On 26/08/2014 10:38, Peter Humphrey wrote:
On Monday 25 August 2014 18:46:23 Kerin Millar wrote:
On 25/08/2014 17:51, Peter Humphrey wrote:
On Monday 25 August 2014 13:35:11 Kerin Millar wrote:
I now wonder if this is a race condition between the init script running
`mdadm -As` and the fact that the mdadm package installs udev rules that
allow for automatic incremental assembly?
Isn't it just that, with the kernel auto-assembly of the root partition,
and udev rules having assembled the rest, all the work's been done by the
time the mdraid init script is called? I had wondered about the time that
udev startup takes; assembling the raids would account for it.
Yes, it's a possibility and would constitute a race condition - even
though it might ultimately be a harmless one.
I thought a race involved the competitors setting off at more-or-less the same
time, not one waiting until the other had finished. No matter.
The mdraid script can assemble arrays and runs at a particular point in
the boot sequence. The udev rules can also assemble arrays and, being
event-driven, I suspect that they are likely to prevail. The point is
that both the sequence and timing of these two mechanisms is not
deterministic. There is definitely the potential for a race condition. I
just don't yet know whether it is a harmful race condition.

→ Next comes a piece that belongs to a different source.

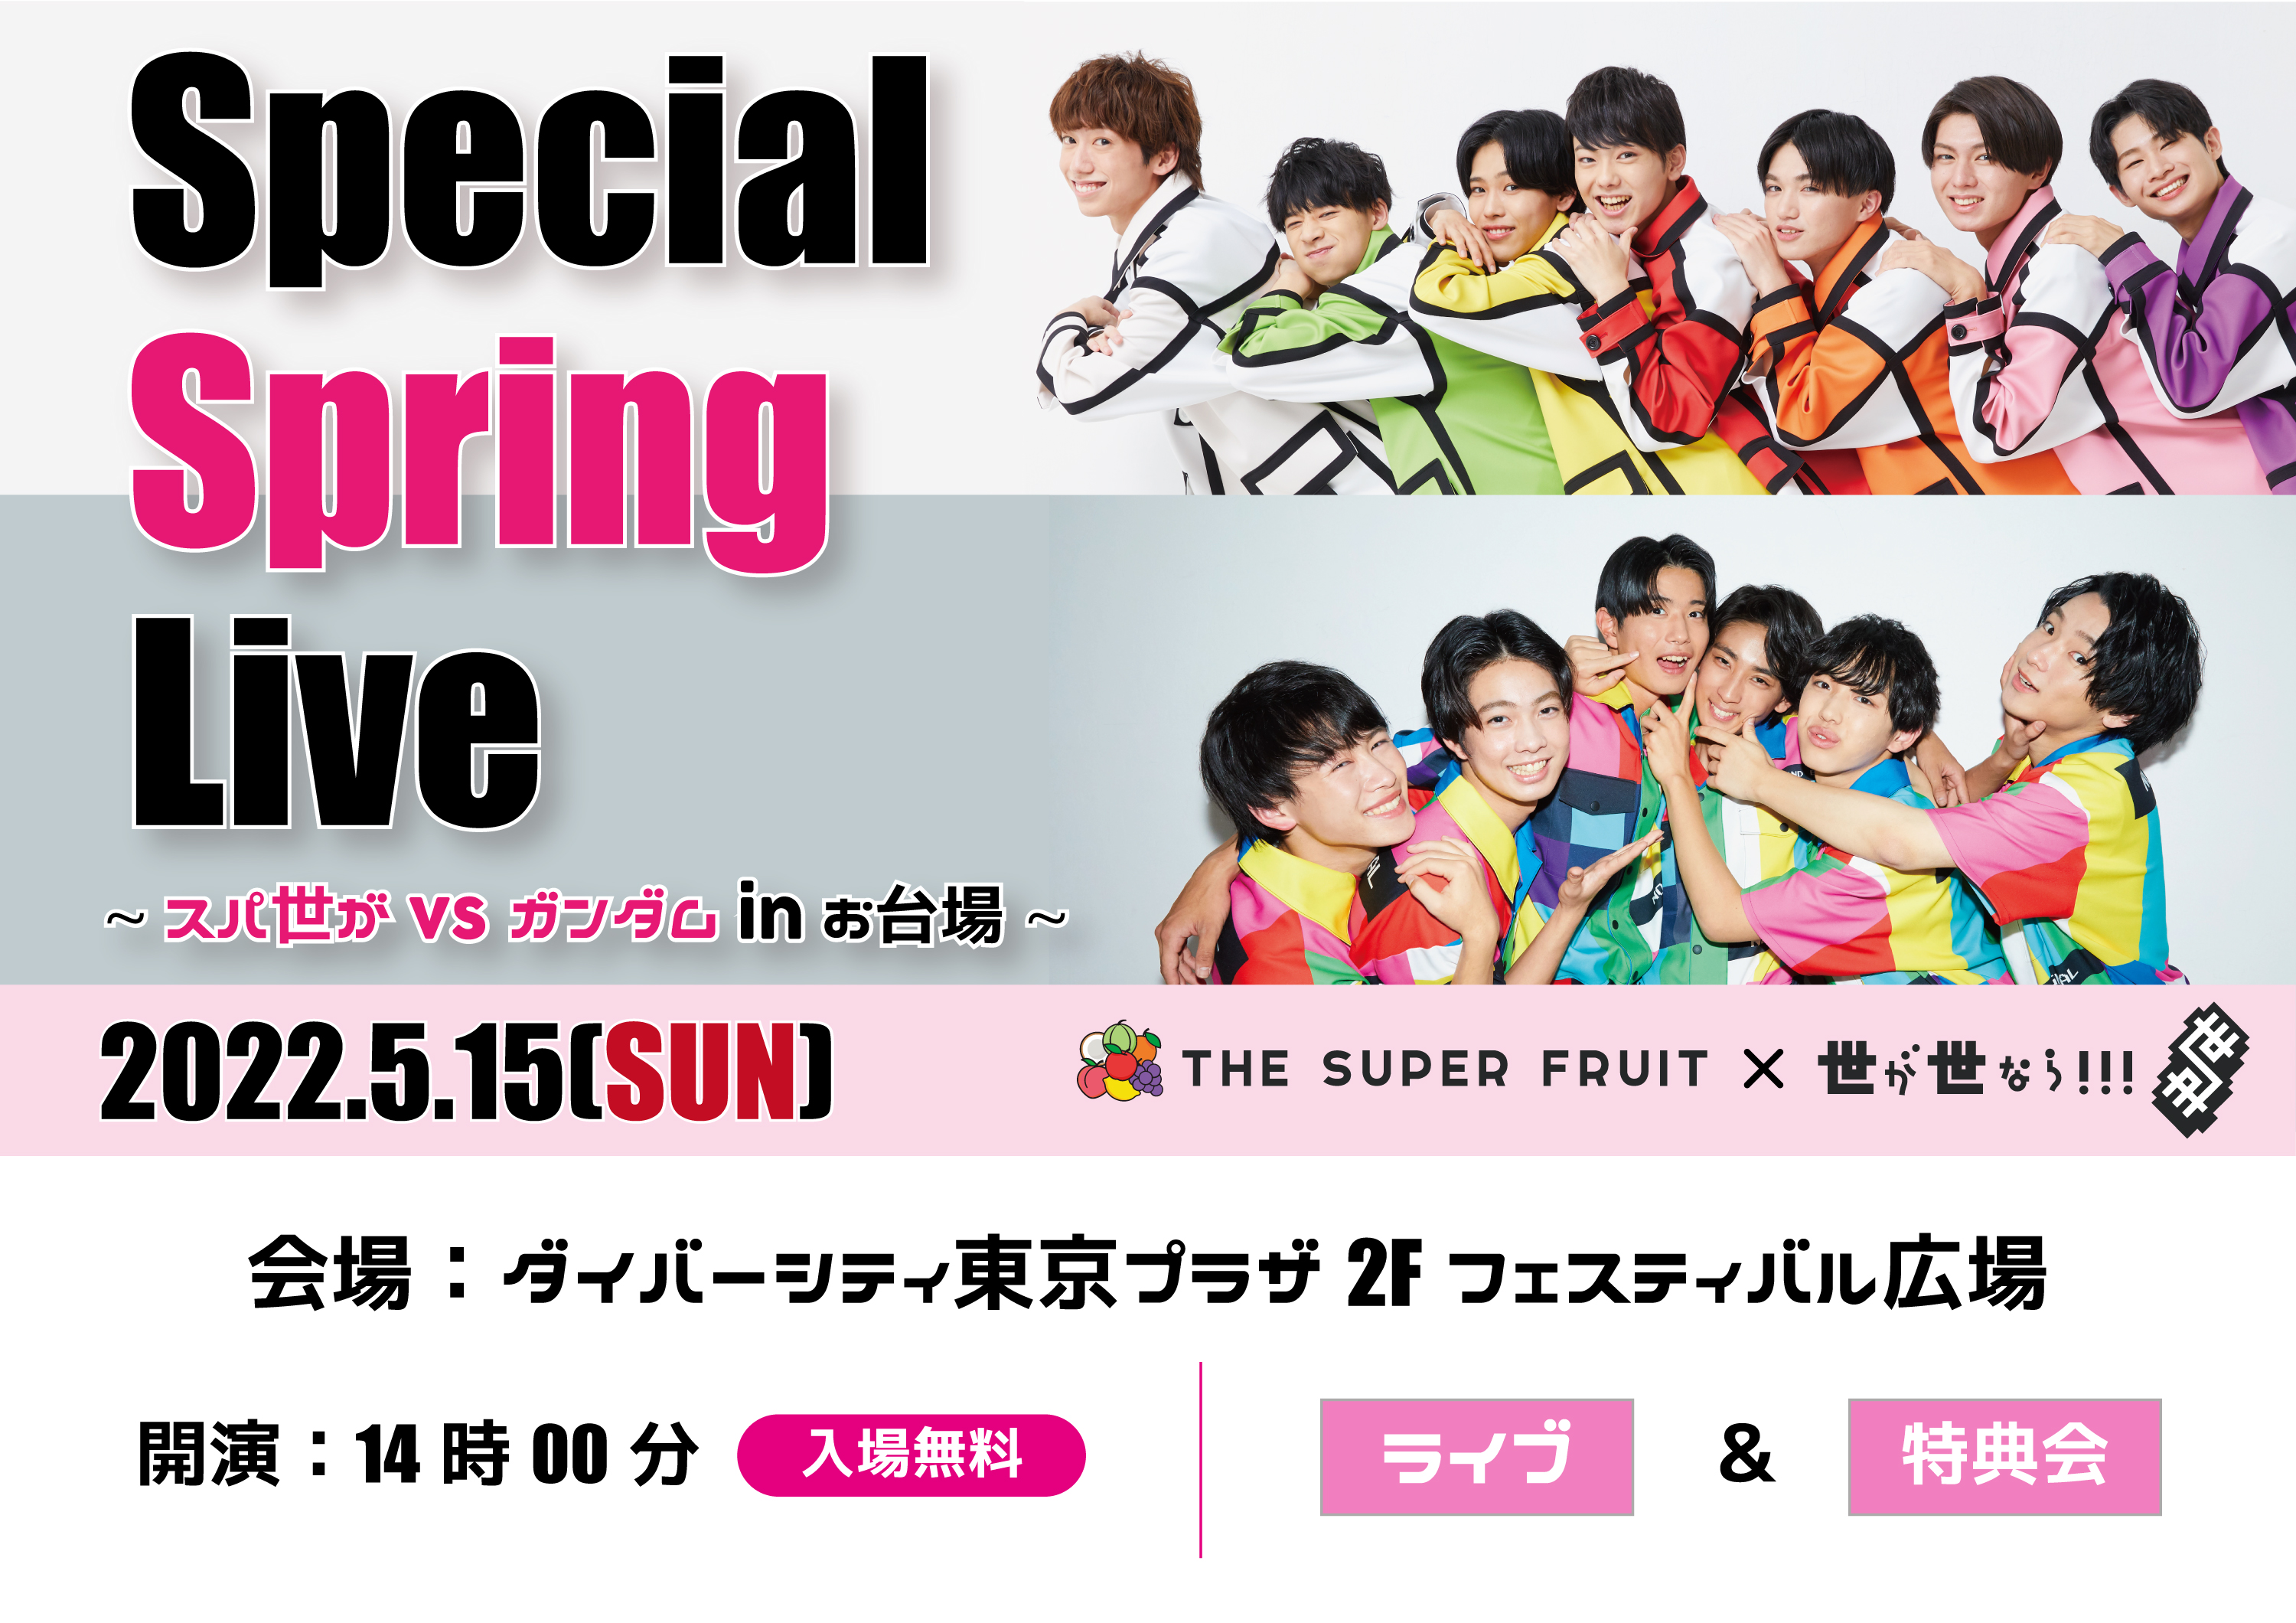 【NEWS】5月15日(日)に「THE SUPER FRUIT×世が世なら!!!　 Special Spring Live 〜スパ世が vs ガンダムinお台場〜」開催決定！

As touched upon in the preceding post, I'd really like to know why mdadm
sees fit to return a non-zero exit code given that the arrays are actually
assembled successfully.
I can see why a dev might think "I haven't managed to do my job" here.
It may be that mdadm returns different non-zero exit codes depending on
the exact circumstances. It does have this characteristic for certain
other operations (such as -t --detail).
After all, even if the arrays are assembled at the point that mdadm is
executed by the mdraid init script, partially or fully, it surely ought
not to matter. As long as the arrays are fully assembled by the time
mdadm exits, it should return 0 to signify success. Nothing else makes
sense, in my opinion. It's absurd that the mdraid script is drawn into
printing a blank error message where nothing has gone wrong.
I agree, that is absurd.
Further, the mdadm ebuild still prints elog messages stating that mdraid
is a requirement for the boot runlevel but, with udev rules, I don't see
how that can be true. With udev being event-driven and calling mdadm
upon the introduction of a new device, the array should be up and
running as of the very moment that all the disks are seen, no matter
whether the mdraid init script is executed or not.
We agree again. The question is what to do about it. Maybe a bug report
against mdadm?
Definitely. Again, can you find out what the exit status is under the
circumstances that mdadm produces a blank error? I am hoping it is
something other than 1. If so, solving this problem might be as simple
as having the mdraid script consider only a specific non-zero value to
indicate an intractable error.
There is also the matter of whether it makes sense to explicitly
assemble the arrays in the script where udev rules are already doing the
job. However, I think this would require further investigation before
considering making a bug of it.
--->8
Right. Here's the position:
1. I've left /etc/init.d/mdraid out of all run levels. I have nothing but
comments in mdadm.conf, but then it's not likely to be read anyway if
the
init script isn't running.
2. I have empty /etc/udev rules files as above.
3. I have kernel auto-assembly of raid enabled.
4. I don't use an init ram disk.
5. The root partition is on /dev/md5 (0.99 metadata)
6. All other partitions except /boot are under /dev/vg7 which is built on
top of /dev/md7 (1.x metadata).
7. The system boots normally.
I must confess that this boggles my mind. Under these circumstances, I
cannot fathom how - or when - the 1.x arrays are being assembled.
Something has to be executing mdadm at some point.
I think it's udev. I had a look at the rules, but I no grok. I do see
references to mdadm though.
So would I, only you said in step 2 that you have "empty" rules, which I
take to mean that you had overridden the mdadm-provided udev rules with
empty files. If all of the conditions you describe were true, you would
have eliminated all three of the aformentioned contexts in which mdadm
can be invoked. Given that mdadm is needed to assemble your 1.x arrays
(see below), I would expect such conditions to result in mount errors on
account of the missing arrays.
Do I even need sys-fs/mdadm installed? Maybe
I'll try removing it. I have a little rescue system in the same box, so
it'd be easy to put it back if necessary.
Yes, you need mdadm because 1.x metadata arrays must be assembled in
userspace.
I realised after writing that that I may well need it for maintenance. I'd do
that from my rescue system though, which does have it installed, so I think I
can ditch it from the main system.
Again, 1.x arrays must be assembled in userspace. The kernel cannot
assemble them by itself as it can with 0.9x arrays. If you uninstall
mdadm, you will be removing the very userspace tool that is employed for
assembly. Neither udev nor mdraid will be able to execute it, which
cannot end well.
It's a different matter when using an initramfs, because it will bundle
and make use of its own copy of mdadm.
--Kerin